Blake R Neyland scite author profile

Elucidating the neural correlates of mobility is critical given the increasing population of older adults and age-associated mobility disability. In the current study, we applied graph theory to cross-sectional data to characterize functional brain networks generated from functional magnetic resonance imaging data both at rest and during a motor imagery (MI) task. Our MI task is derived from the Mobility Assessment Tool–short form (MAT-sf), which predicts performance on a 400 m walk, and the Short Physical Performance Battery (SPPB). Participants (n = 157) were from the Brain Networks and Mobility (B-NET) Study (mean age = 76.1 ± 4.3; % female = 55.4; % African American = 8.3; mean years of education = 15.7 ± 2.5).
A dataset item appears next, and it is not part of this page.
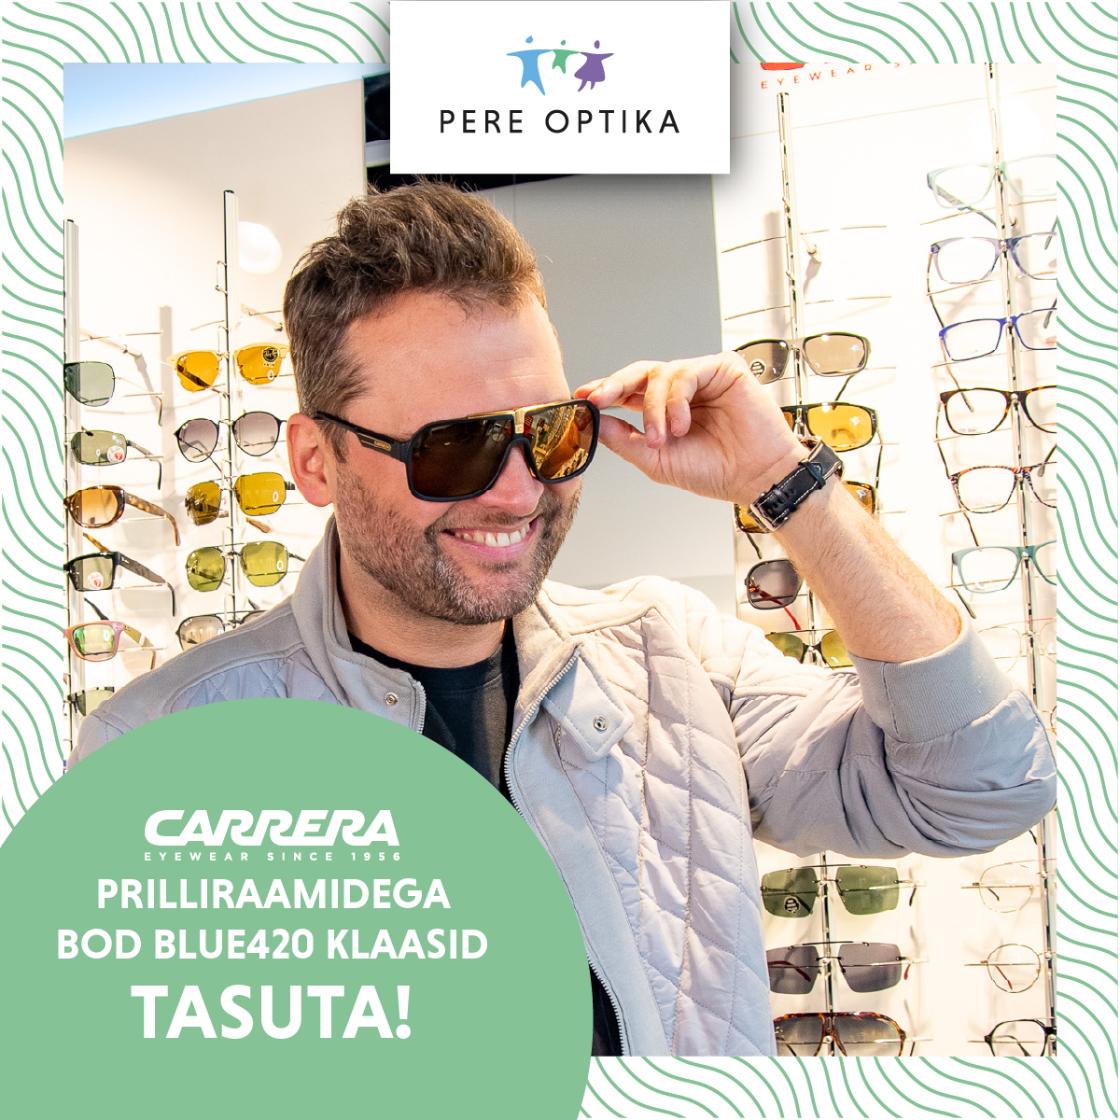 Carrera prilliraamidega kaasa TASUTA Blue 420 prilliklaasid - Pere Optika
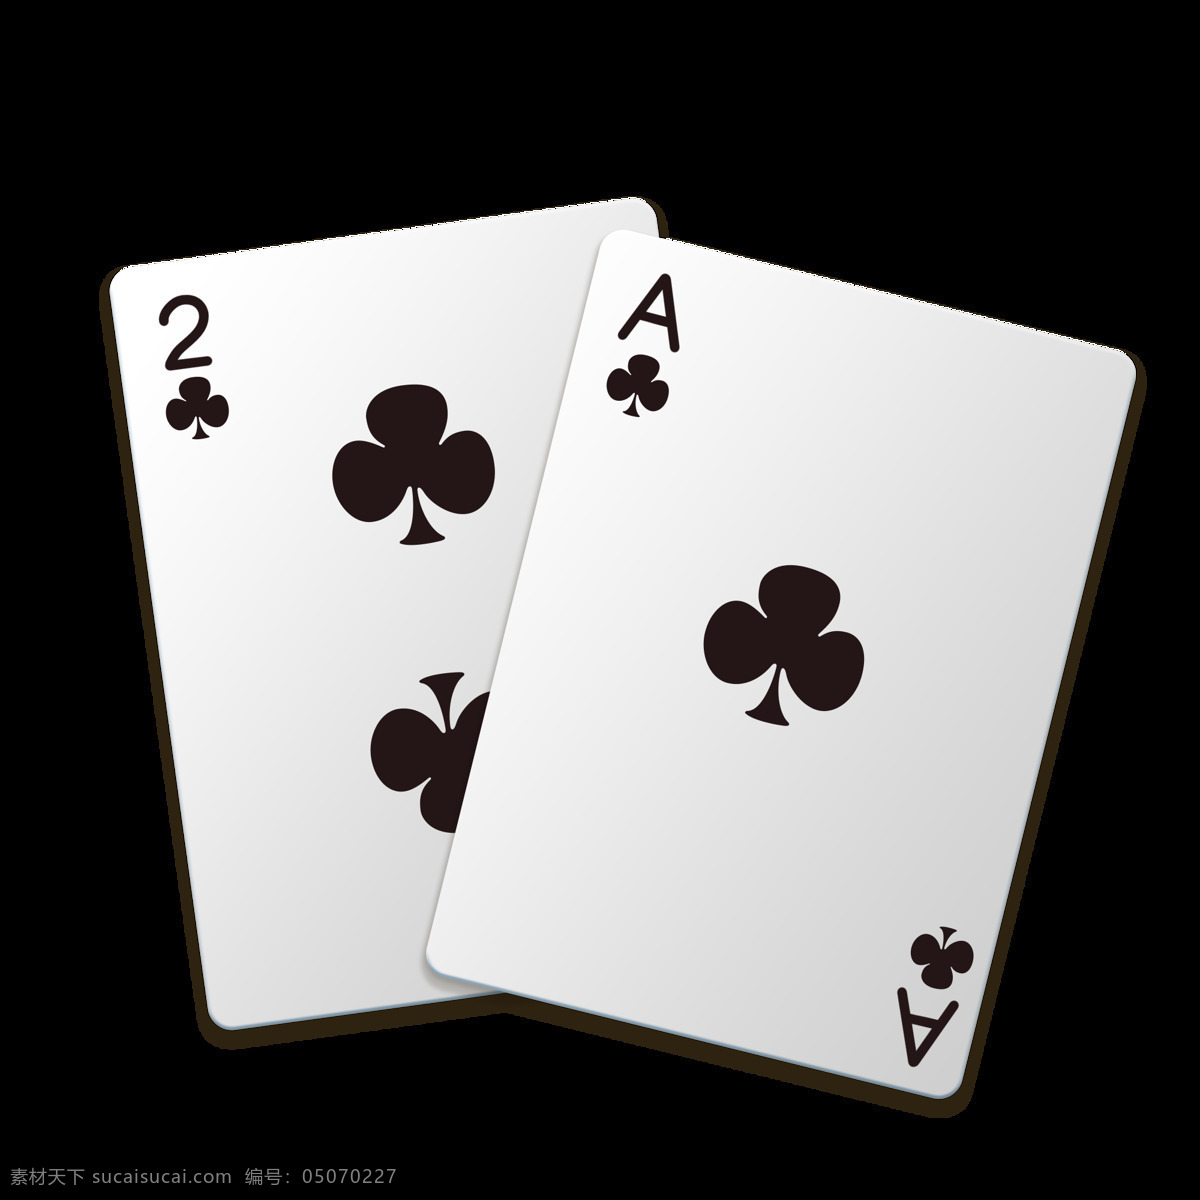 扑克牌免抠 扑克 扑克标志 爱心 方片 黑头 梅花 扑克牌 扑克牌设计 标志图标 其他图标

We used community structure analyses to partition functional brain networks into communities, or subnetworks, of highly interconnected regions. Global brain network community structure decreased during the MI task when compared to the resting state. We also examined the community structure of the default mode network (DMN), sensorimotor network (SMN), and the dorsal attention network (DAN) across the study population. The DMN and SMN exhibited a task-driven decline in consistency across the group when comparing the MI task to the resting state. The DAN, however, displayed an increase in consistency during the MI task. To our knowledge, this is the first study to use graph theory and network community structure to characterize the effects of a MI task, such as the MAT-sf, on overall brain network organization in older adults.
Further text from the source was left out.